The AG appearing for a private party without obtaining formal permission from the law ministry raised concerns of propriety, although the Supreme Court dismissed a legal challenge to such a practice of grant of permission.

The documents obtained by The Wire further show that other law officers of the central government had resorted to making frequent requests for permission to take up private practice and the government in a few cases did deny permission, as it was not convinced of the “exceptional reasons” cited by the officers concerned.

  • Yaswanth Reddy

    Nepotism at peaks , here comes UPA 3

  • https://babupaedia.blogspot.in Sudhansu Mohanty

    Going by the extant orders flowing out of Article 309 of the Constitution of India, it is clear that the relaxation is to be accorded only on grounds of ‘expediency’ or ‘necessity’ and with ‘reasons to be recorded in writing’. This ‘expediency’ or ‘necessity’ doubtless has to be read only for and in the interest of the government, for they are the designated Law Officers of the Government of India for the period of their employ; enjoying all entitlements conferred on permanent government servants, i.e. Leave, Retainer, fee, allowances, government accommodation; also other perquisites of services in the form of personal staff, office accommodation and telephones at their offices and residences by the Government of India free of cost. That they are full time Law Officers of the Government is unquestionable. To permit them to be distracted on matters other than the government’s isn’t surely the spirit of Rule 10 of the OM ibid. It’s like permitting any government servant to take up any private person’s issue in any public forum! This is all the more reason why discretion should never be unbridled and there is a need to harness the ‘power’ of discretion through an arm’s length system. Rather than seeking information through RTI applications, why can’t discretions granted be suo motu put in public domain?

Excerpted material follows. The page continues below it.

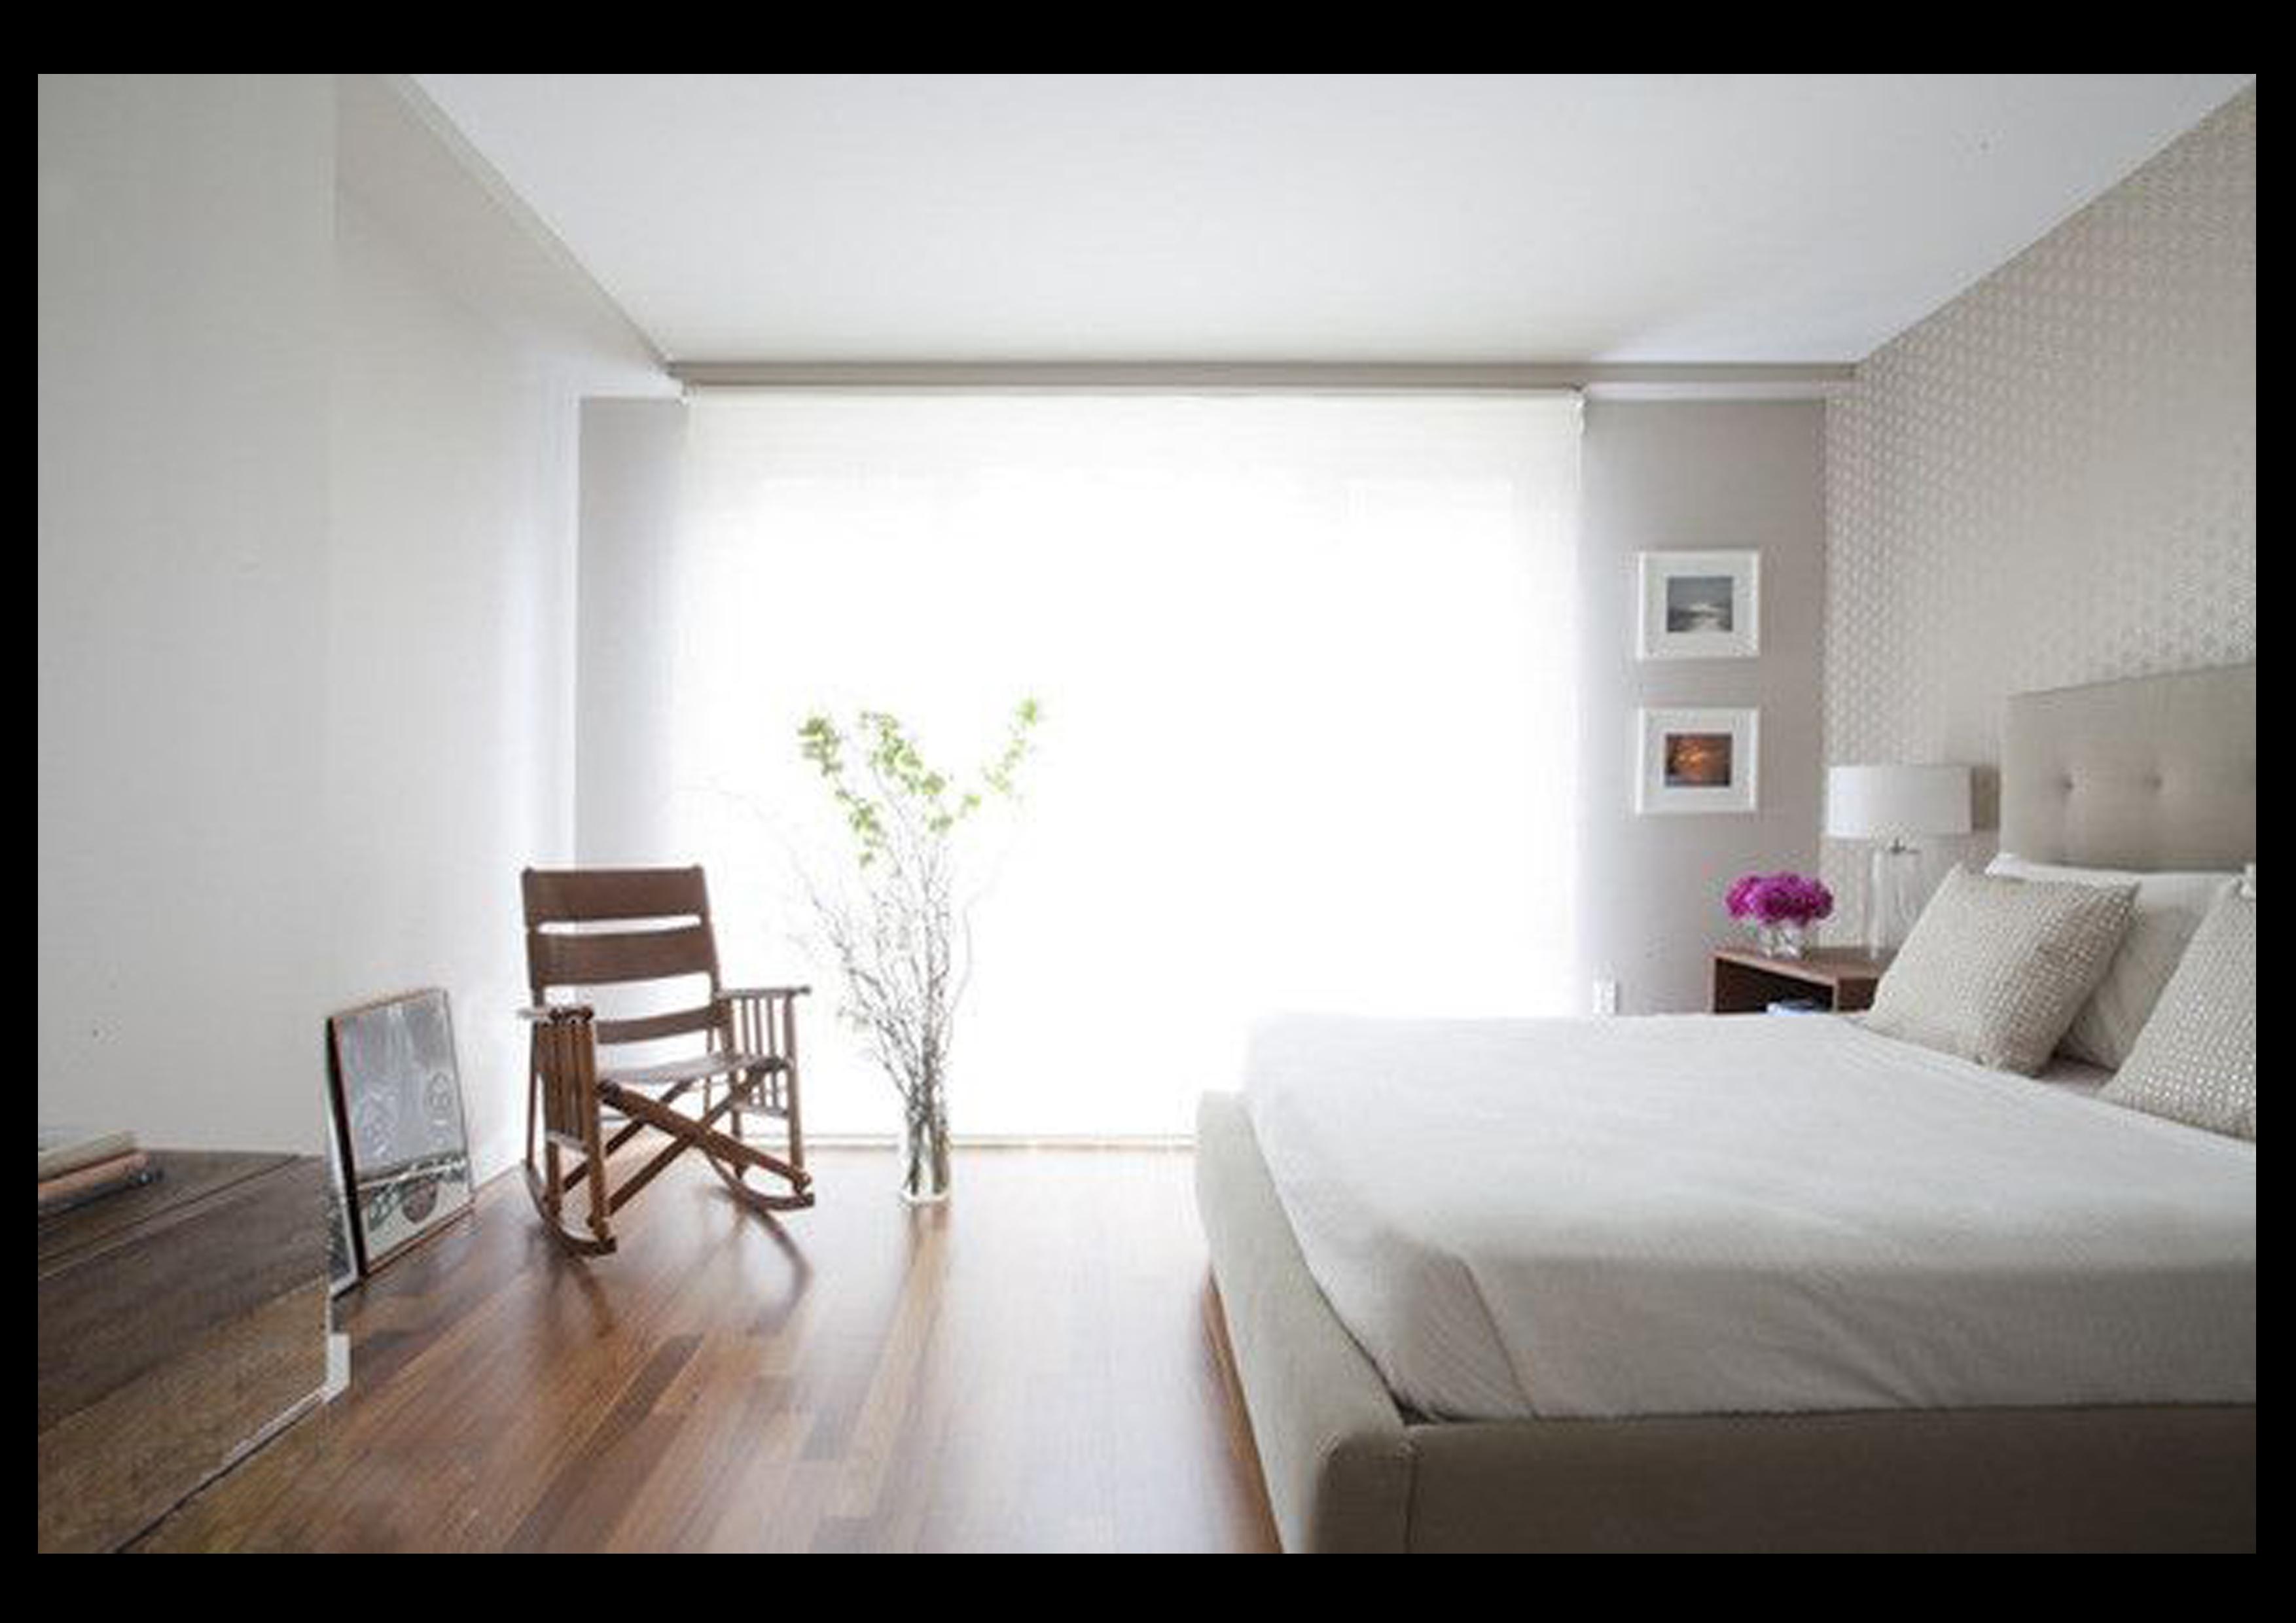 现代简约装修效果图,室内设计效果图-齐家装修网

    But it’ll be interesting to see the ‘reasons recorded in writing’ on files. Not only in this case but in all past cases as well. Maybe it’ll be enlightening for ordinary Indian citizen like us.

  • alok asthana

    A PM that allows Jai Shah to make his millions on the authority of the PM, should not be expected to be so sensitive to such fine legal matters. Is a sledgehammer government, behaving like one everywhere. Let them dig their own grave. Saves us the trouble.